From the listing below, output the lines between the one with "French Mid-Century console" and the one with "The piece is", including those two, and nothing else. Pictures are not copied.

===== DATA =====

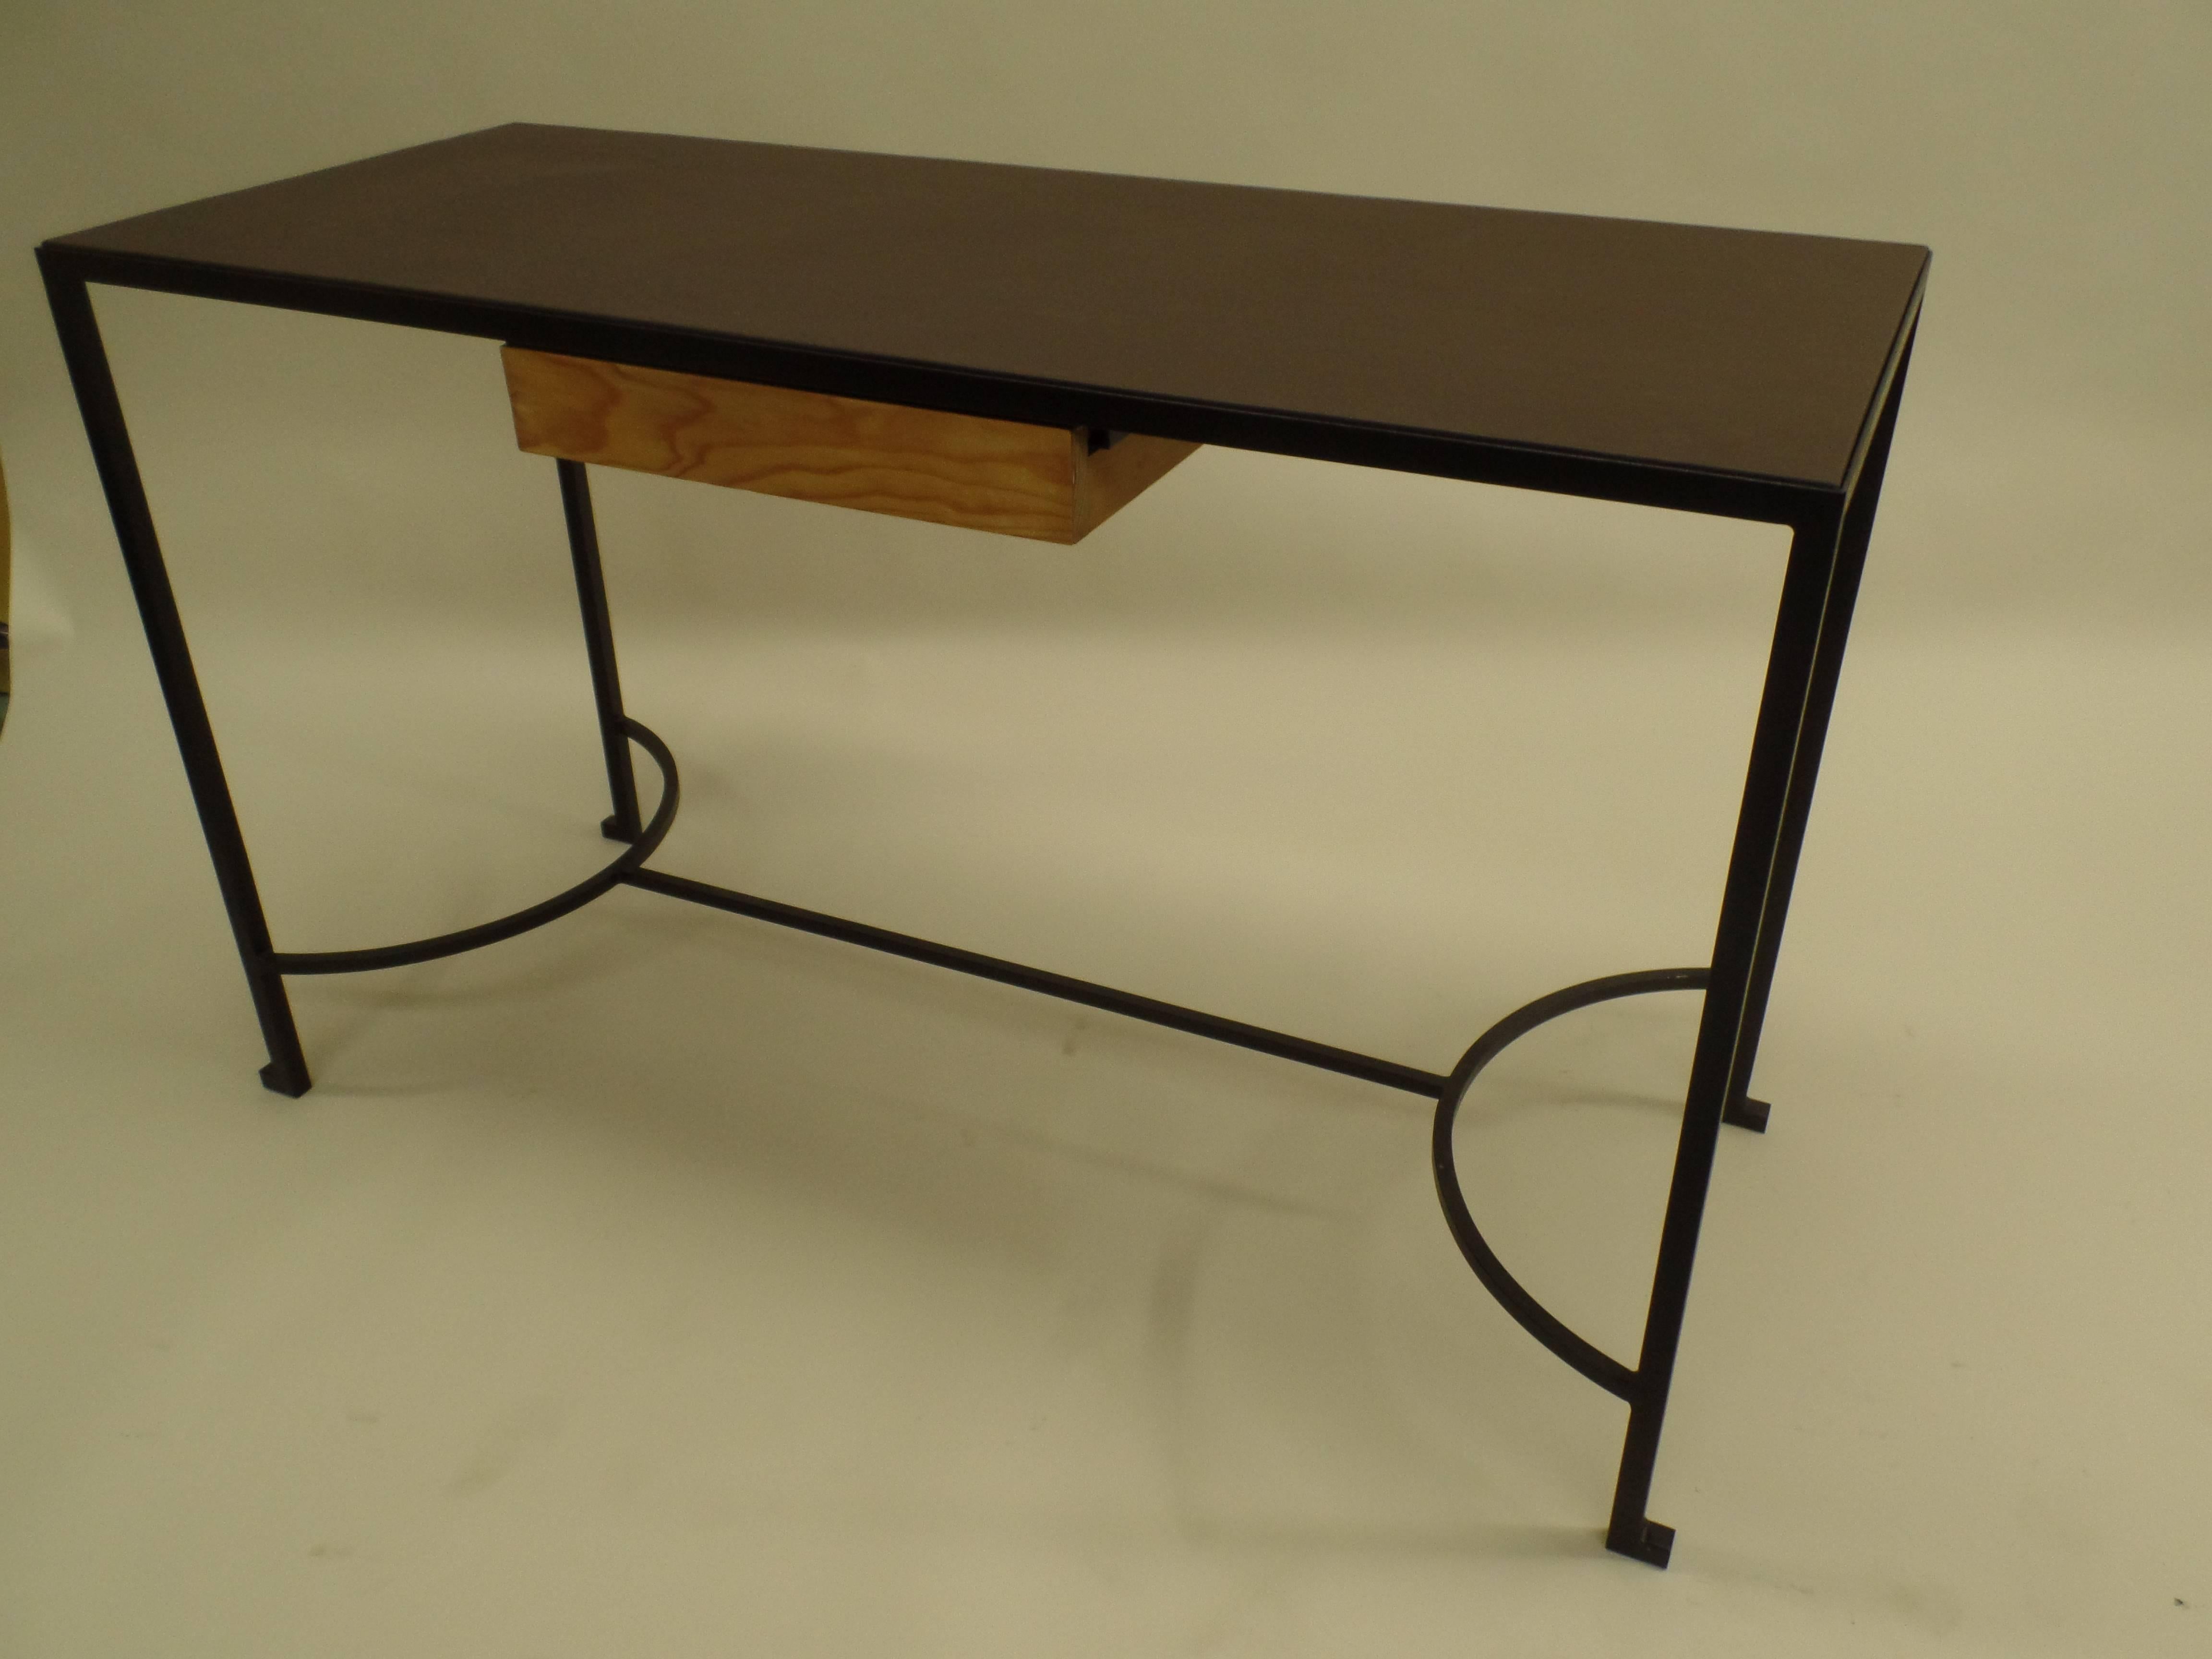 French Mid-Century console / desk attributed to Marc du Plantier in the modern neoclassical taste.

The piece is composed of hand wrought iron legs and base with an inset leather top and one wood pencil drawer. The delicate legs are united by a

=====
===== DATA =====

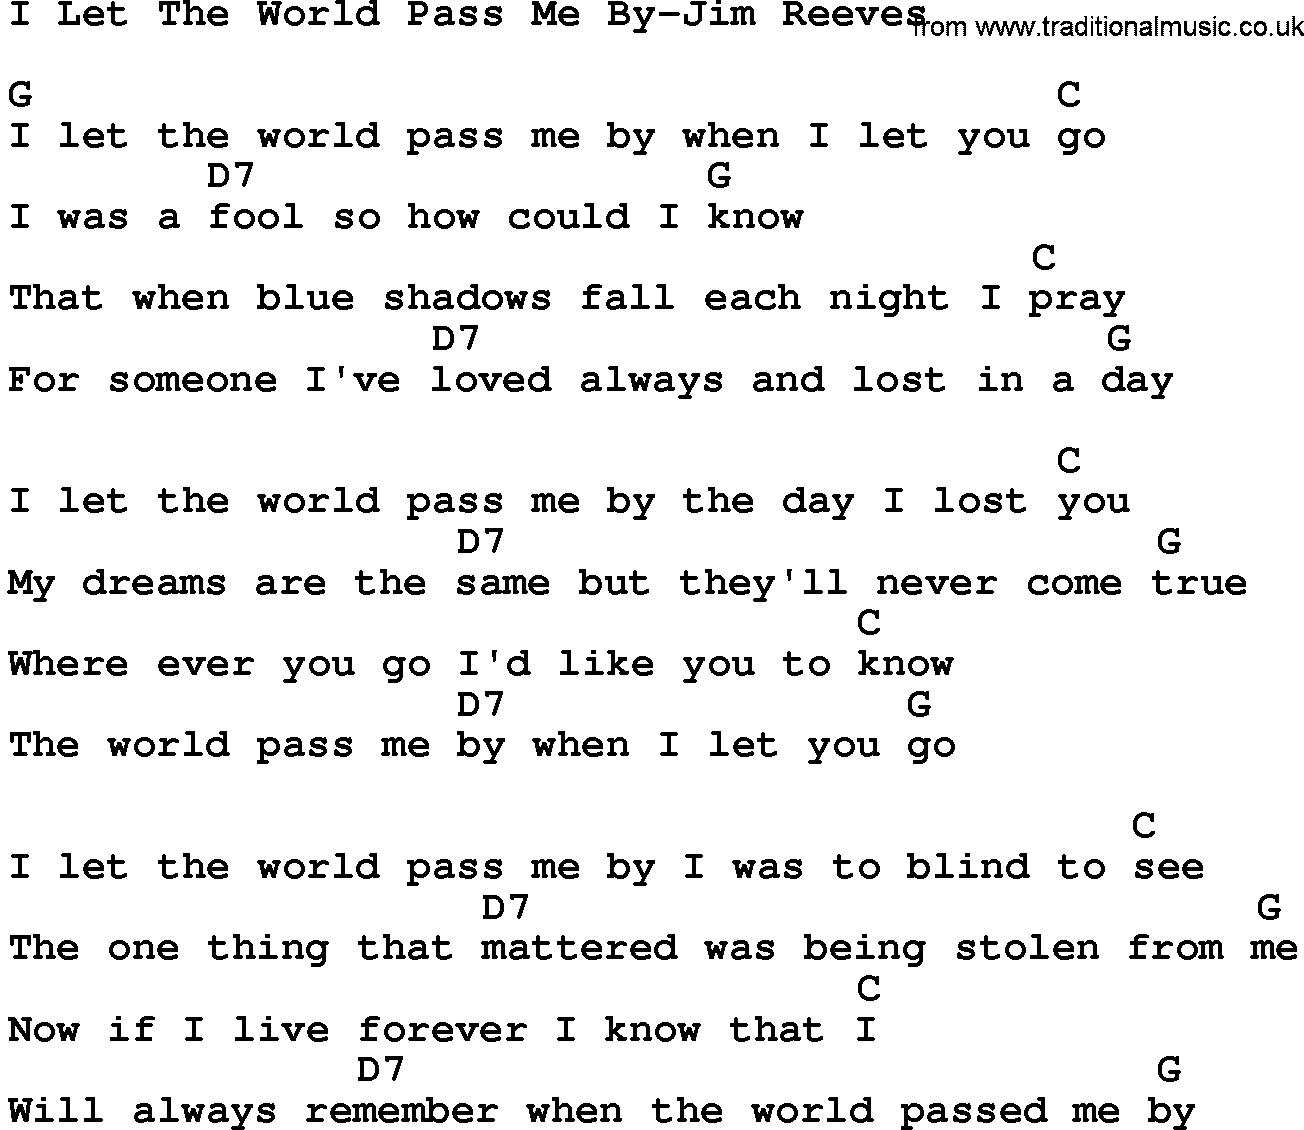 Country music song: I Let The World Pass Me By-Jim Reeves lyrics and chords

=====

RESPONSE FOR THIS EXERCISE —
 French Mid-Century console / desk attributed to Marc du Plantier in the modern neoclassical taste.

The piece is composed of hand wrought iron legs and base with an inset leather top and one wood pencil drawer. The delicate legs are united by a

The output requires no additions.